I recently got a nice  4 jaw chuck for my 1929 South Bend 13 in lathe.
I've been looking for a while.

The 4 jaw chuck has a back plate but the bore and the thread are not good for the SB lathe.
So as an exercise in machine work, I though that I could machine a filler plug that threads into the old back plate.
Then tack weld the plug onto the plate.
Then bore and thread the plug so that it fits the SB lathe spindle.
I will be using the outer diameter of the back plate which is used as the registering reference for the chuck.

The old bore is big enough that there will be some material into which I can cut the new thread .
The pictures show the back plate of the 4 jaw  and a back plate of a chuck that fits the SB lathe
I think I'm OK up until the last step so here's my question:

How do I know that the new threaded bore is OK to fit the spindle ? 

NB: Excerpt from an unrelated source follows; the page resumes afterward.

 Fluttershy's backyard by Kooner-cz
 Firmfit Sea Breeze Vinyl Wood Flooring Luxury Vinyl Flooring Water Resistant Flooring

I'm using the SB lathe to do the machining so I cannot take the chuck off to see if it fits properly.
I think I can allow myself some leeway, because it is a 4 jaw and I will be using a dial indicator when I mount anything in the chuck.

miro


----------



## Mark_f (Apr 13, 2015)

I made a plug gauge to match my spindle thread and then it is available any time I need to thread 1 1/2-8 for any tooling. I used my extra chuck to check the fit as I made it.


----------



## aametalmaster (Apr 13, 2015)

Either make a plug or do a reverse fit where you remove the chuck and spin it 180 degrees and see if it fits. Use wood shims under the chuck so it just goes straight on..Bob


----------



## mzayd3 (Apr 13, 2015)

So you will essentially be making a bushing?  Be aware that the threads just hold the chuck on.  It is the straight, unthreaded section near the spindle bearing that registers the chuck for concentricity.  Don't ask how I know!


----------



## kd4gij (Apr 13, 2015)

That back plate should be cast iron.


----------



## Thoro (Apr 14, 2015)

That is with certainty a cast iron dog drive face plate adapted into a backplate.  This is actually common.  I'd even venture to guess that youur spindle is 1 7/8" x 8 tpi?  this one looks like a 2 1/4" x8 pi backplate.  A bit of creativity may yeild great results!  Perhaps welding might not be the best.....I'm thinking loc-tite


----------



## miro (Apr 15, 2015)

I thought more about the tack weld and I agree that's not a good idea.
So I figured two 8-32 set screws tapped and Loctite 'd in, at the rim of the plug and the back plate should keep it secure.


----------